START SOURCE INFORMATION

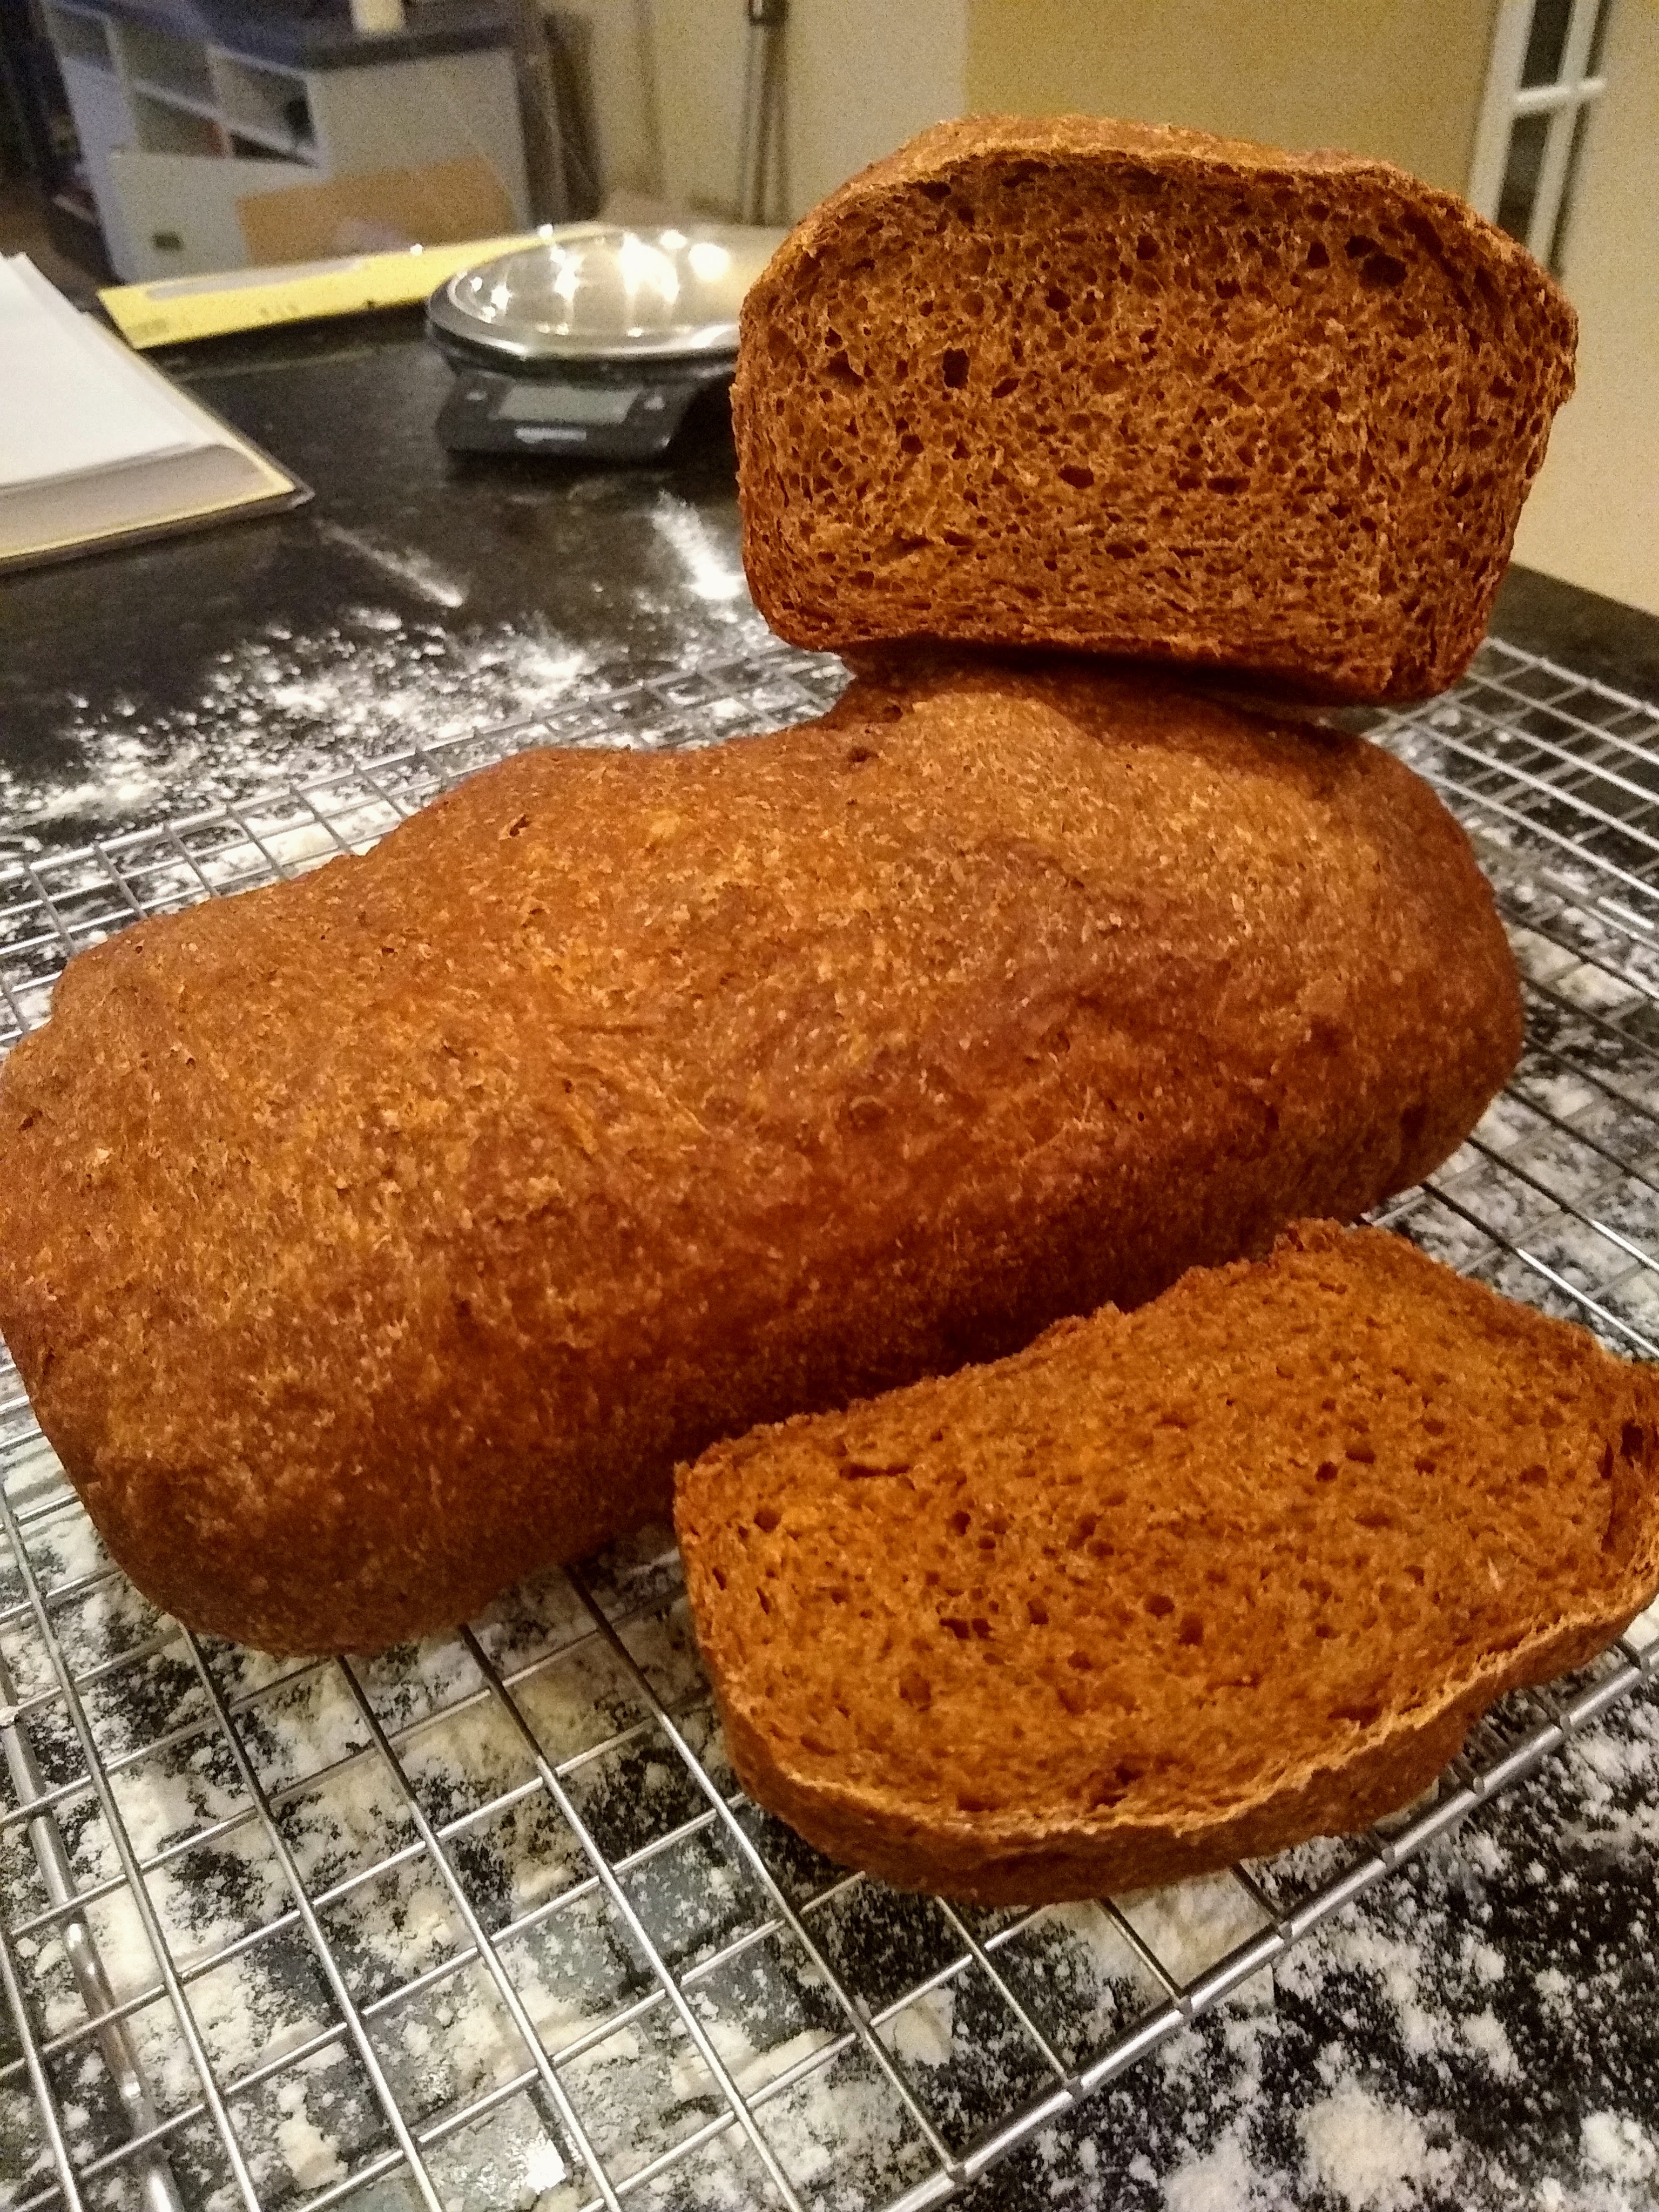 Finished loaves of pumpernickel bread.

END SOURCE INFORMATION
START SOURCE INFORMATION

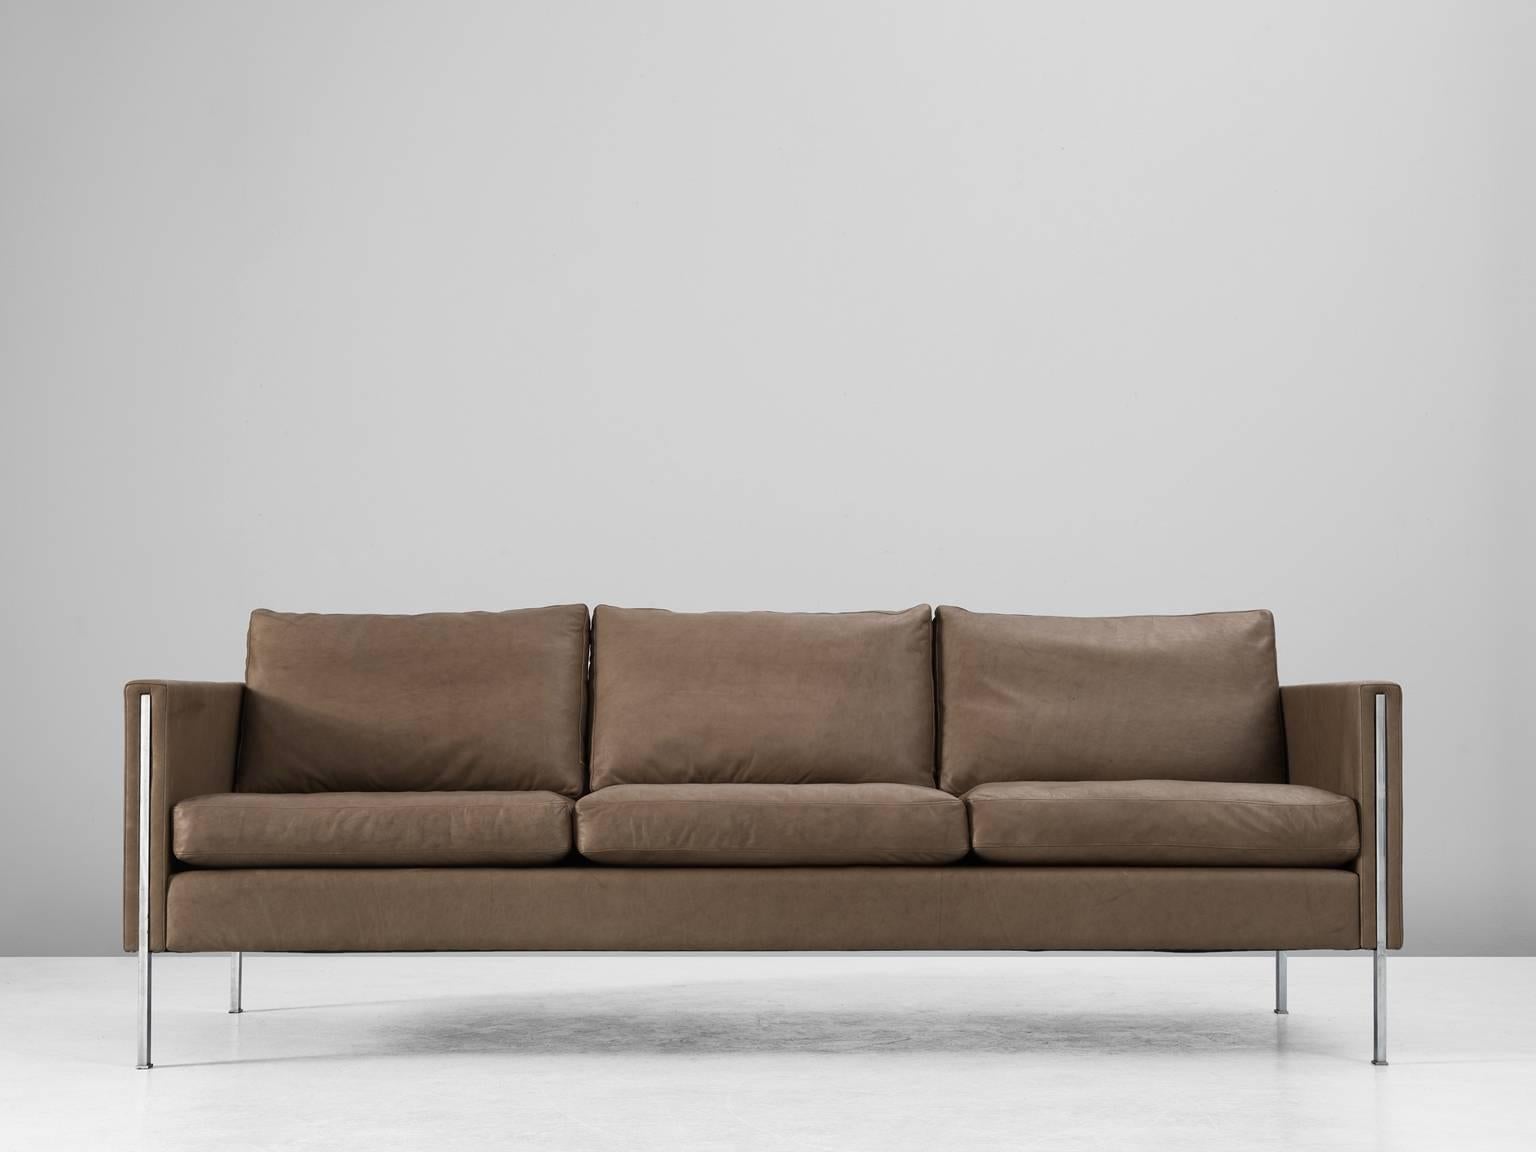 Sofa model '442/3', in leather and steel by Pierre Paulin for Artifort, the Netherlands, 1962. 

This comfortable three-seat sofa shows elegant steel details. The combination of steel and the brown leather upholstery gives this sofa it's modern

END SOURCE INFORMATION

- WHAT TO WORK ON: Only the lines above starting with the line with "Sofa model '442/3', in" and going on through the line with "This comfortable three-seat" belong in the answer; repeat them exactly, minus any picture.

- ANSWER SPACE:
 Sofa model '442/3', in leather and steel by Pierre Paulin for Artifort, the Netherlands, 1962. 

This comfortable three-seat sofa shows elegant steel details. The combination of steel and the brown leather upholstery gives this sofa it's modern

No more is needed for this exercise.